= Conand (mythology) =

Fomorian leader

In Irish mythology, Conand (a.k.a. Conann and Conaing), was a leader of the Fomorians who lived in a tower on Tory Island. He oppressed the followers of Nemed, demanding a huge tribute of their produce and children. Eventually Nemed's people rose up and killed him, destroying his tower. After his death, Morc, another Fomorian massacred Nemed's surviving followers.

== Conand's Tower ==

According to the Lebor Gabála Érenn Conand mac Febair (son of Febar) and Morc mac Deled (son of Dela) imposed a heavy tax on the clan of Nemed, demanding two-thirds of their wheat, milk, and offspring, which were due every Samain at the plain called Mag Cetne. The oppressed attacked from the sea with a host of 30,000 headed by three champions, grandsons and great-grandsons of Nemed, and overcame Conand and his host of 30,000 at Conand's Tower (later called Torinis Cetne). Morc subsequently arrived with a fleet of sixty ships to retake the tower from the people of Nemed, and mutual annihilation ensued, forcing the Nemedian folk into diaspora out of Ireland.

The tale was embellished by Mícheál Ó Cléirigh in the Annals of the Four Masters recension of the Lebor Gabála, whereby the Nemedian folk obtain assistance from Greece in the form of venomous beasts, and a woman spy named Relbeo.

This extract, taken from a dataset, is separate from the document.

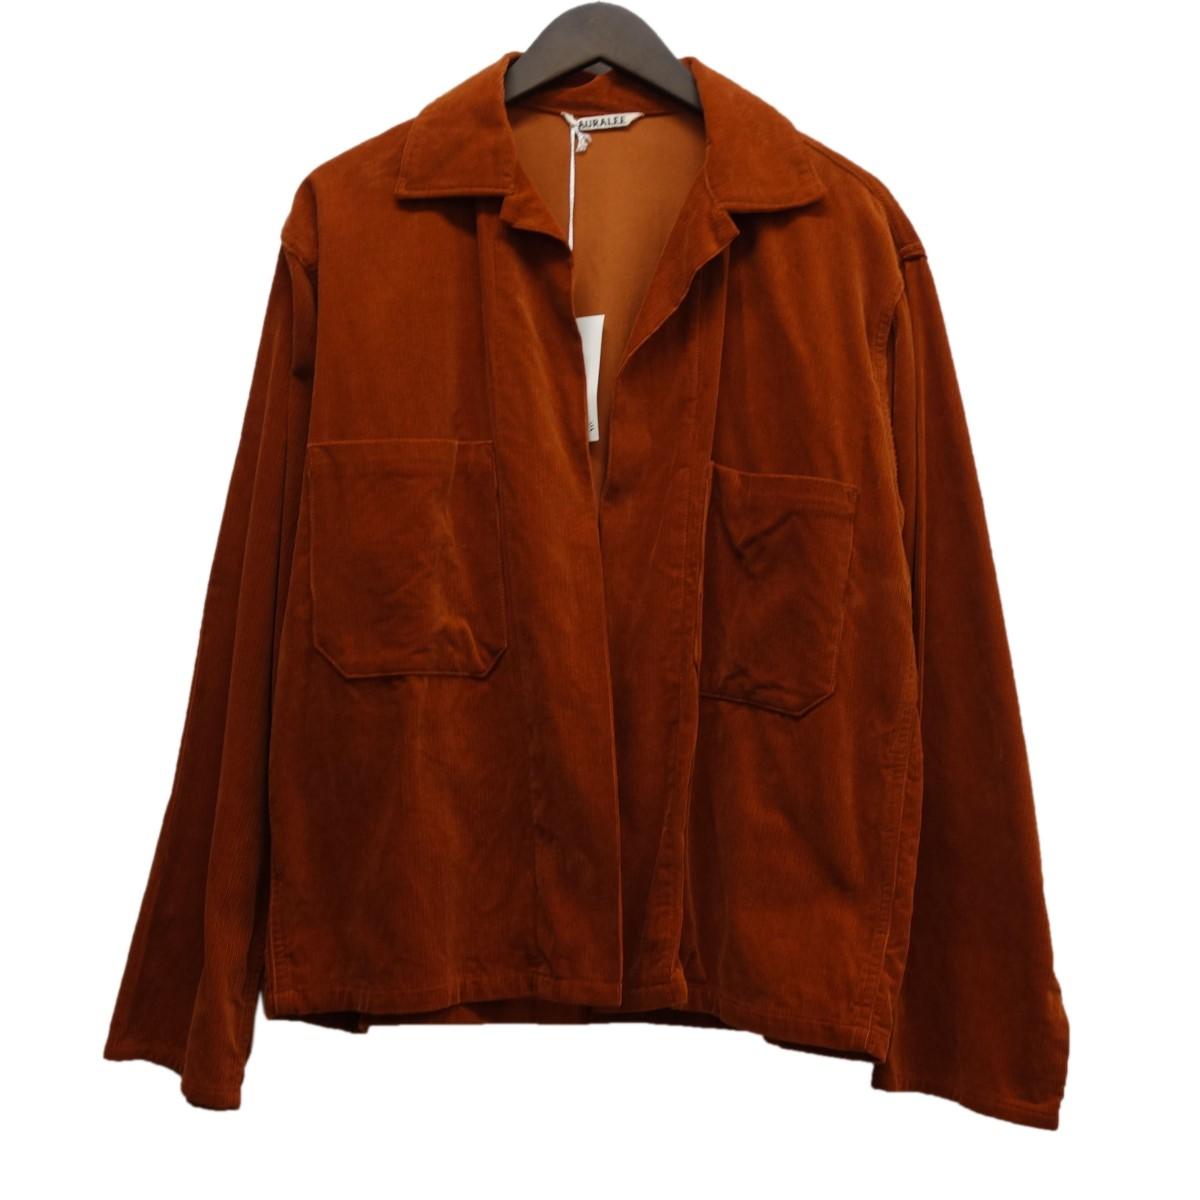 【中古】AURALEE 18SS「WASHED CORDUROY SHIRTS JACKET」コーデュロイシャツジャケット ブリックレッド サイズ:3 【060420】(オーラリー)

She infiltrates the tower and gains Conand's trust, obtaining crucial intelligence on how to tactically assault the tower. R. A. S. Macalister states Ó Cléirigh invented this seemingly out of thin air, and it would be a futile exercise to second guess what source he may have plagiarized.

===Localization===
It had almost become conventional wisdom to identify the location of this Conand's tower at Tory Island, ever since the publication of O'Flaherty's Ogygia, but this has been disputed by Henry Morris (Énrí Ó Muirgheasa). Morris argued that the plain where the taxes were collected (Mag Cetne) was properly to be located in County Sligo, south of the Duff River, and not in County Donegal between the Drowes River (Drobhais) and Erne River as Geoffrey Keating indicated. Morris consequently proposed a small island off the coast, called Derinish, corrupted from Tor-Inis. Macalister commends the effort, while noting that such a treatise can hardly hope to carry conclusive proof.